The people shaping the algorithms are a team of thousands comprising coders, engineers, and data scientists. And one of these data scientists is 33-year-old Singaporean Grace Tang.
To find out more about how Netflix delivers its content, we caught up over the telephone with Grace, who is currently based in Netflix’s Los Gatos headquarters in Silicon Valley.
What is your role at Netflix?
I’m a senior data scientist. I do write code, but I don't personally write the algorithms myself – that's the job of the algorithm engineers. What I do is I analyse the data that is the output of those algorithms, and then I assess the effectiveness of each version of the algorithm.
How did you come to work for Netflix as a data scientist?
I majored in neuroscience at the University of Wisconsin-Madison, then I did grad school in neuroscience at Stanford. After grad school, I took my first data science job in a Singaporean startup, a real estate website called 99.co. At 99.co, I used well-known recommendation algorithms developed by Netflix and adapted them for 99.co’s purposes. After that, I joined a few other companies, also working in data science, before the opportunity to work in Netflix arose. Even though I'm trained in neuroscience, and not specifically in data science, I've always been very interested in data science and took some classes on it during grad school; on the other hand, I'm also very interested in more creative arts like illustration, writing fiction, writing screenplays. So taking the opportunity to work with both the data science and creative departments in Netflix was an easy choice to me.
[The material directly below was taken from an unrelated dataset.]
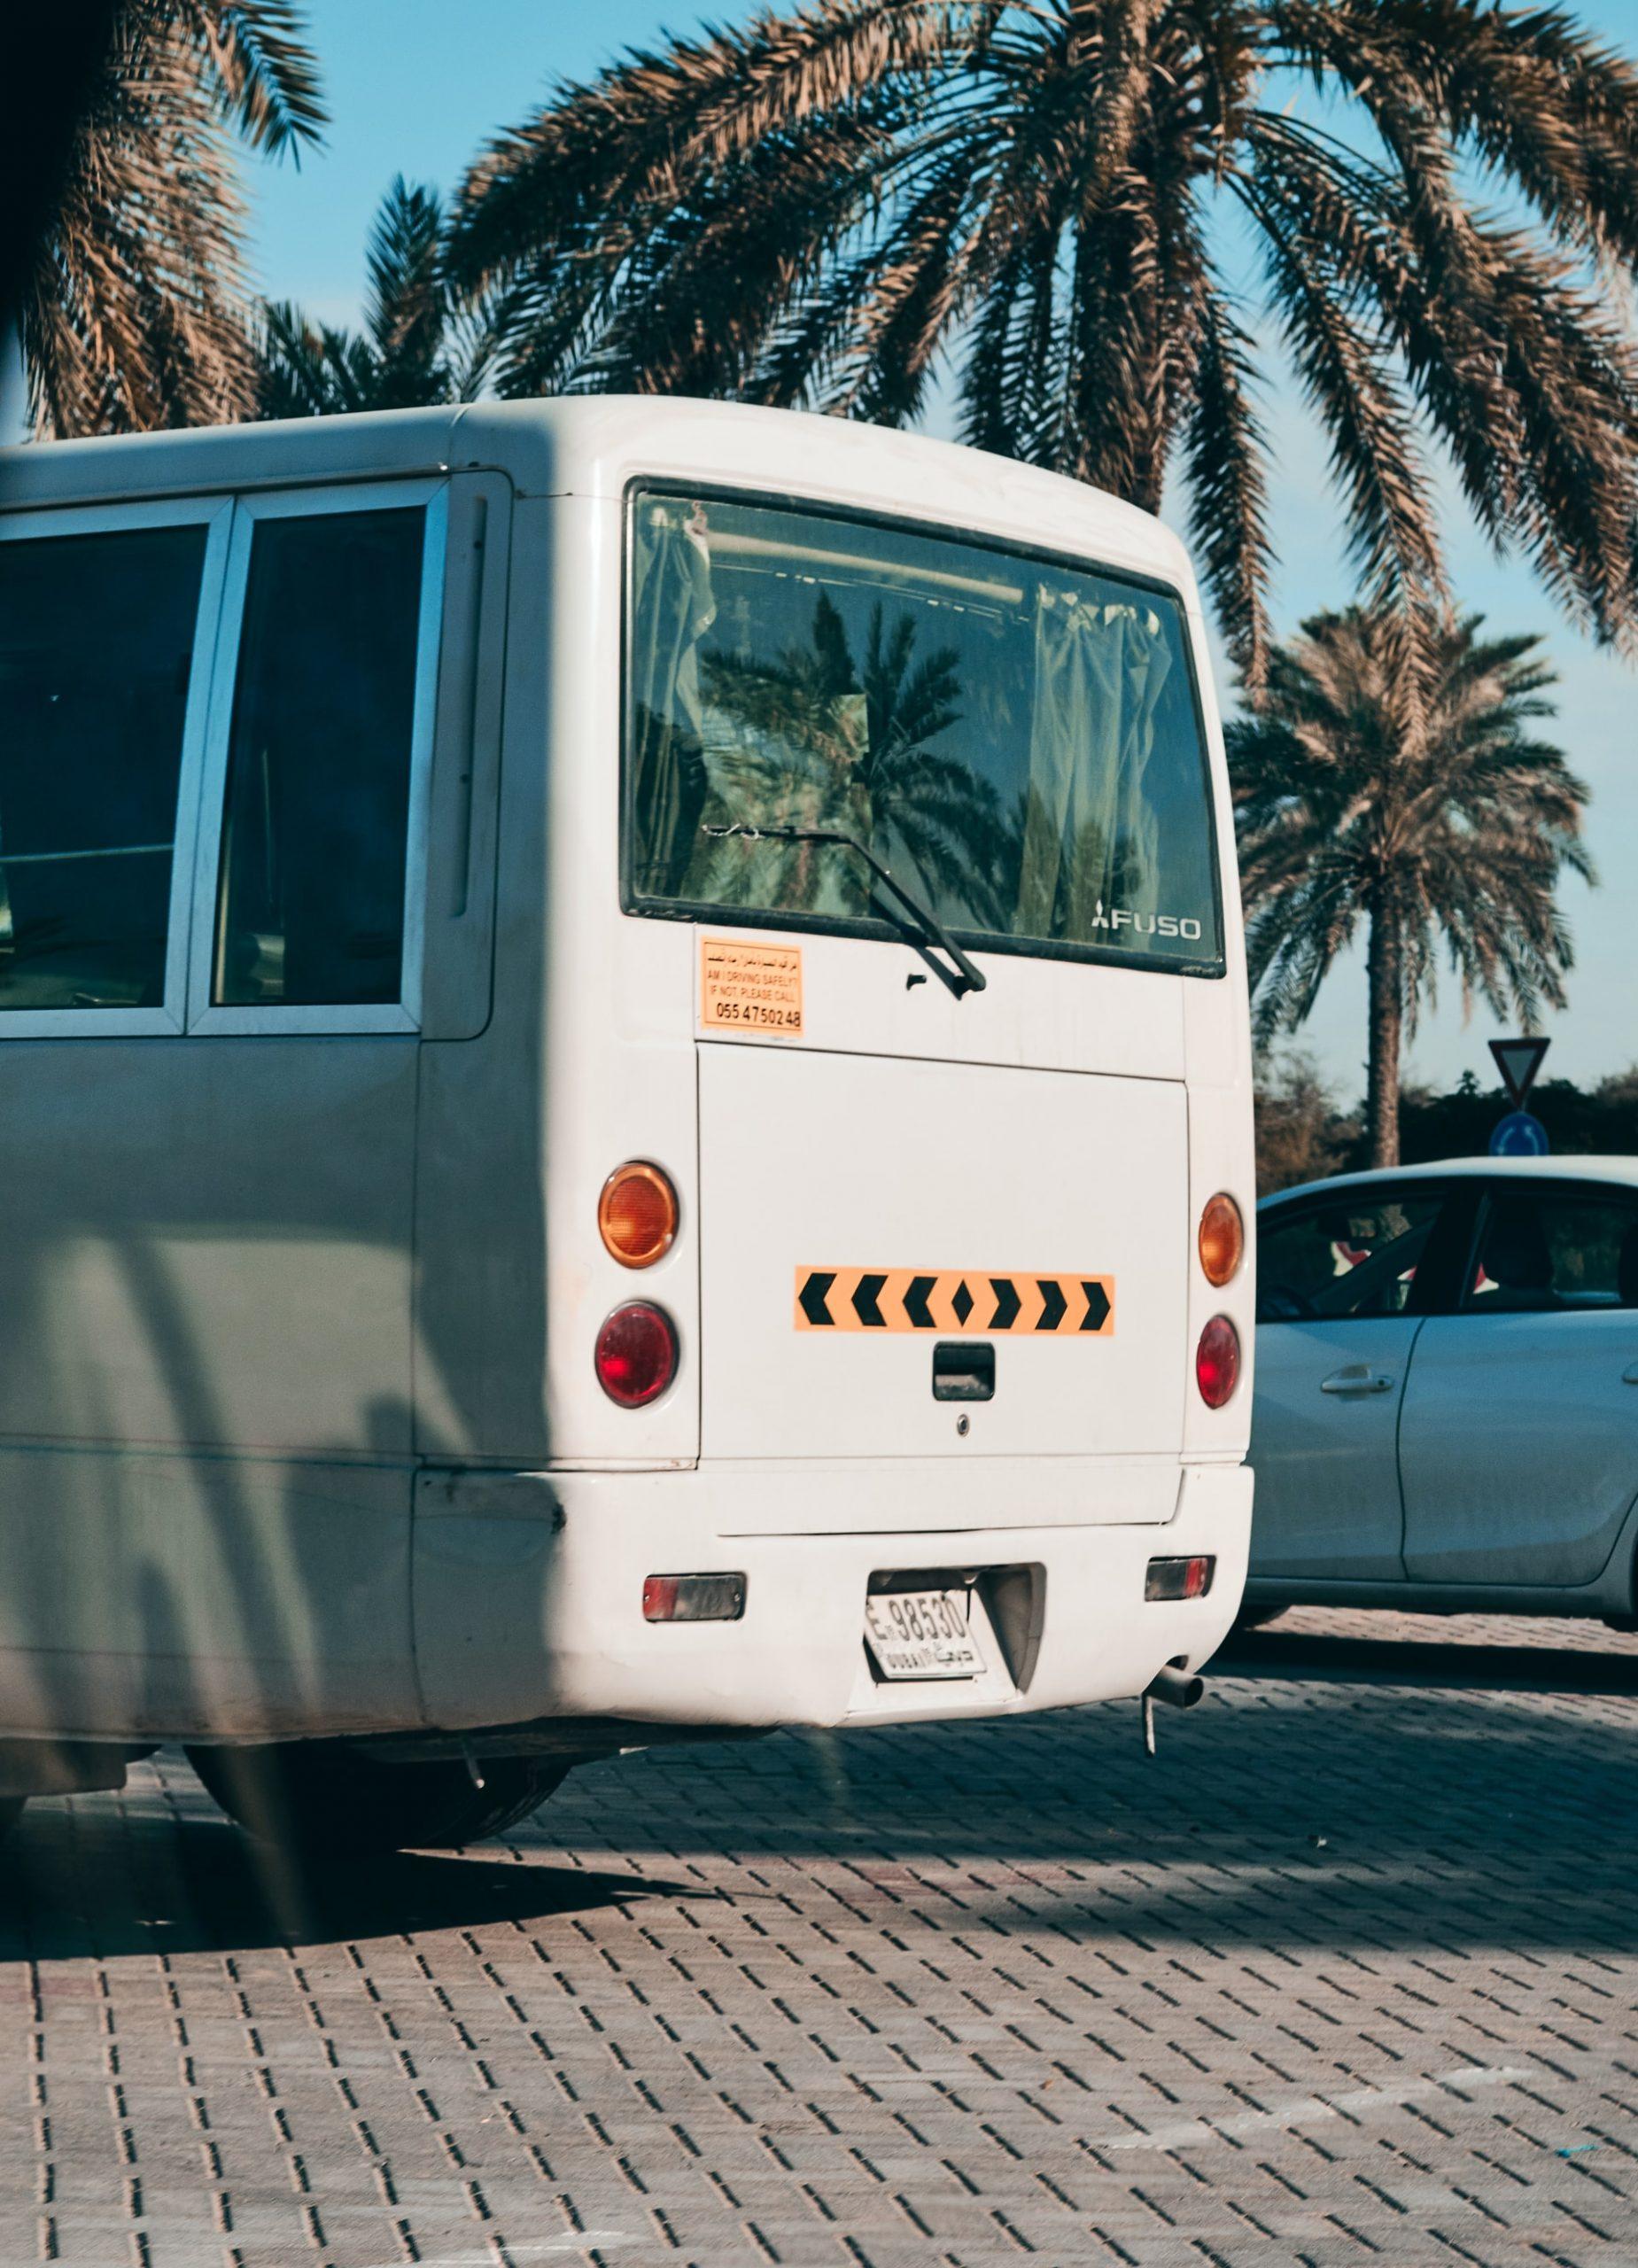 Sådan kan du rejse bæredygtigt med bus

Funnily enough, most colleagues in my team have PhDs in subjects, like physics, neuroscience, statistics, math, and all that. None of them actually have been specifically trained as a data scientist.
What kind of algorithms does Netflix use?
Netflix has a very famous algorithm called “collaborative filtering” that they have published. So what I did in my first job at 99.co was, I took the algorithm that Netflix developed, and adapted it to build recommendation algorithms for 99.co. And this algorithm is applicable to many domains.
An analogy for collaborative filtering is that, based on users’ viewing preferences, we find people who are similar to you, and then we recommend things that they enjoy to you.
Is collaborative filtering the only algorithm that Netflix uses, or are there others?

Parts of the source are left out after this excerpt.